BATV is transmitted by the mosquitoes Anopheles maculipennis s.l., Anopheles claviger, and Ochlerotatus spp. The vertebrate hosts of BATV include domestic pigs, horses, ruminants, and wild birds (Bialonski et al. 2011; Huhtamo et al. 2013; Liu et al. 2014).
Human infection by BATV shows symptoms of self-limiting influenza-like febrile illness. In addition, BATV has been implicated as a segment donor in the generation of the reassortant Ngari virus which caused outbreaks of hemorrhagic illness in East Africa (Briese et al. 2006; Liu et al. 2011). A sero-survey in Xishuangbanna in Yunnan showed that the positive rate of BATV specific antibody was 4.7% (5/120) in febrile patients, giving evidence of BATV infection in this locality (Huang et al. 2001).
Tahyna virus (TAHV)
TAHV is a member of the California antigenic group in the genus Orthobunyavirus, family Peribunyaviridae (Hubálek 2008; Lu et al. 2009). TAHV was originally isolated (prototype strain T-92) from a pool of Aedes caspius mosquitoes in eastern Slovakia in 1958 (Hubálek 2008). TAHV occurs in Asia, Africa, and Europe. In China, it was first isolated (strain XJ0625) from Culex spp. in Kashi, Xinjiang, in 2006 (Lu et al. 2009). Subsequently, TAHV has been isolated from Xinjiang, Qinghai, and Inner Mongolia (Cao YX et al. 2011; Li W et al. 2014; Lu et al. 2011a). Phylogenetic analysis generated from N segment and polymerase gene sequences indicated that all TAHV isolates from China group together. However, the analysis for the M segment showed the isolate XJ0708 aligns independently within the context of a relatively large diversity of isolates from Europe (Lu et al. 2011a).

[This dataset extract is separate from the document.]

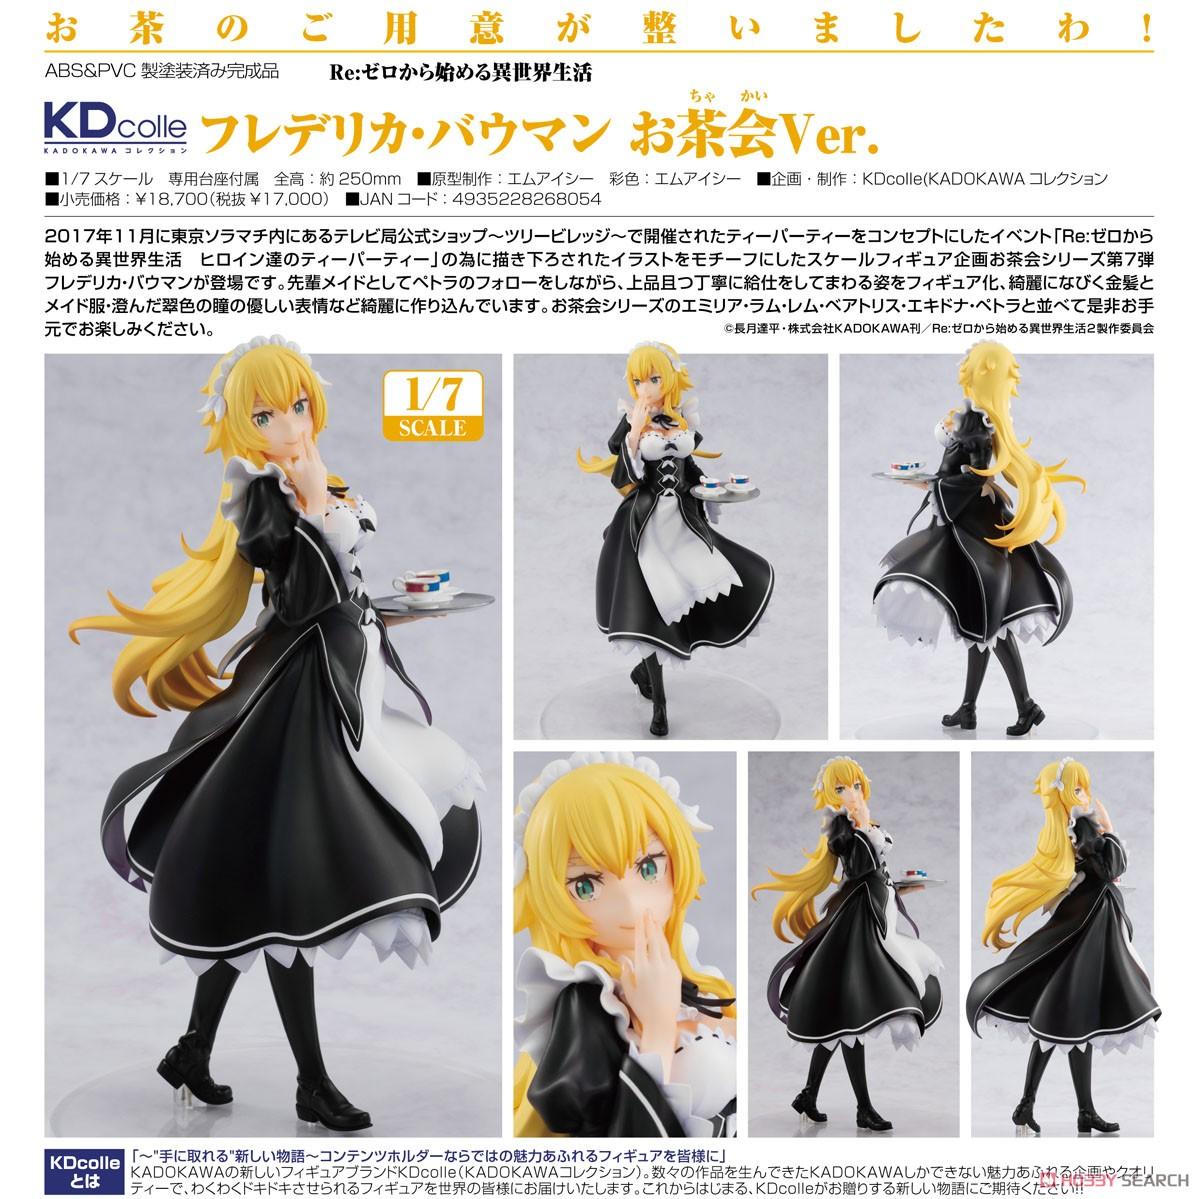 KDcolle『フレデリカ・バウマン お茶会Ver.』Re:ゼロから始める異世界生活 1/7 完成品フィギュア-007

TAHV is maintained in several species of mosquito vectors and vertebrates such as hares, rabbits, hedgehogs, and rodents. In China, TAHV has been isolated from Aedex vexans, Aedes detritus, and Culex spp. (Li W et al. 2014; Lu et al. 2009, 2011a).

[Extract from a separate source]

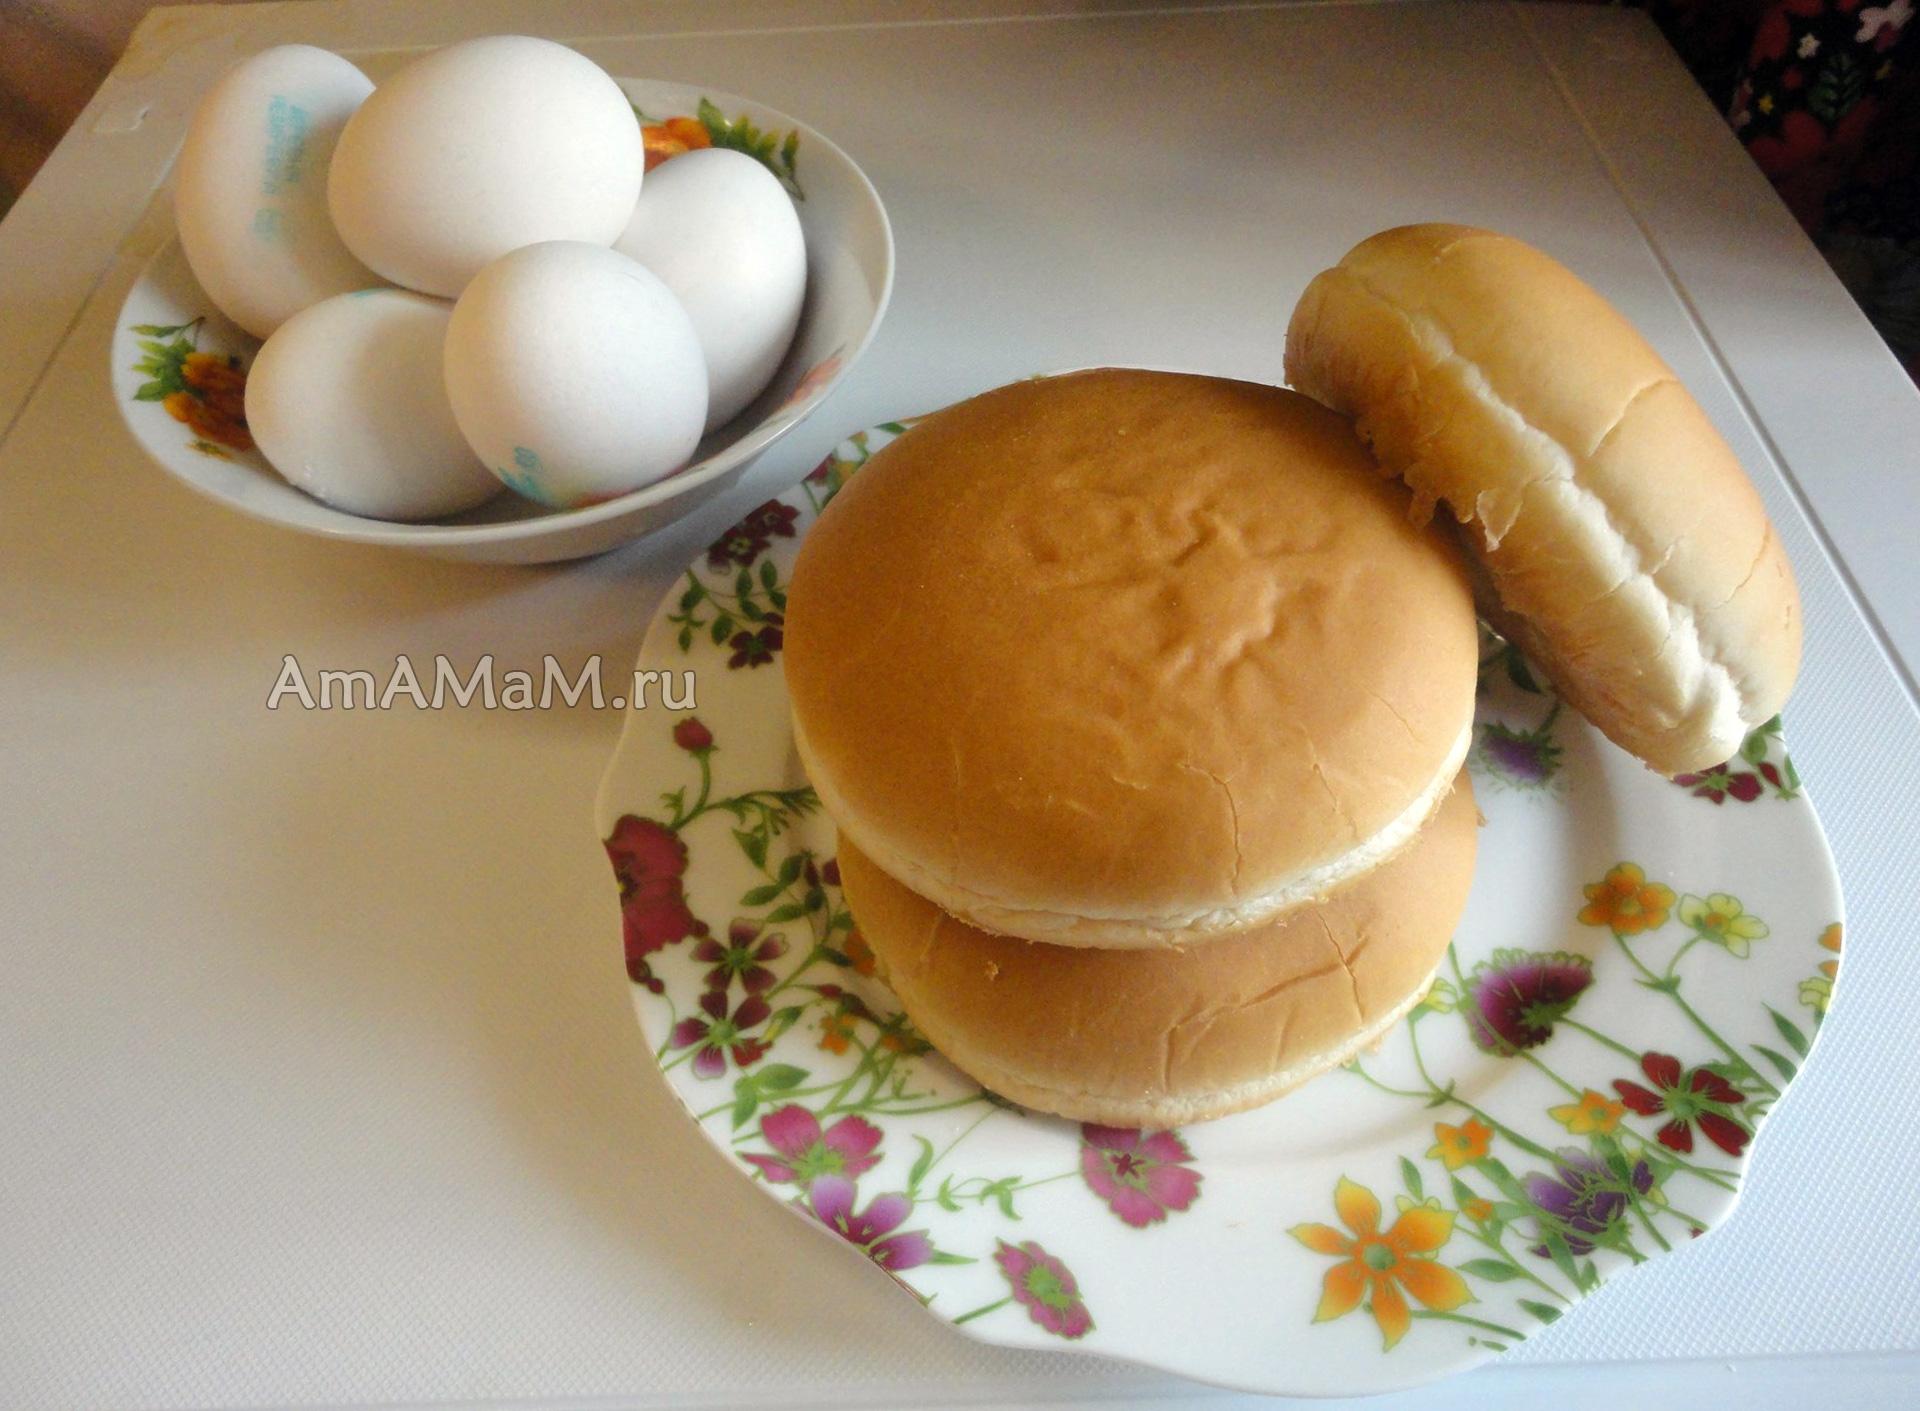 Рецепт булочек для гамбургеров в домашних условиях

The human disease caused by TAHV is an influenza-like illness with a sudden onset of fever, or pneumonia, acute arthritis, and rarely meningoencephalitis. Currently, no mortality has been reported as a result of TAHV infection. TAHV antibodies (IgG) have been detected in serum from fever and headache patients in Jiashi County in Xinjing with a 13.0% positive rate, and in local livestock in Geermu city in Qinghai (Li W et al. 2014; Lu et al. 2009; Lv et al. 2011). In 2009, confirmed cases of TAHV were reported for the first time in Qinghai (Li W et al. 2014).
Rift Valley fever virus (RVFV)
RVFV is the member of genus Phlebovirus, family Phenuiviridae. The RVFV genome (~ 12 kb) consists of three negative-stranded RNA, designated large (L), medium (M) and small (S) segment, and the viruses can be classified into seven major genetic lineages (Pepin et al. 2010; Fu et al. 2016). RVFV could cause high levels of mortality and morbidity in domesticated animals and mild to serious disease in humans. RVFV was first isolated from sheep in Kenya in 1930s, subsequently it is present or endemic in Africa, Saudi Arabia and Yemen.
The main vectors of RVFV transmission are the mosquitoes in the genera of Aedes spp. and Culex spp., and the outbreaks of Rift Valley fever are strong correlated with heavy rainfall or flooding (Pepin et al. 2010; Fu et al. 2016).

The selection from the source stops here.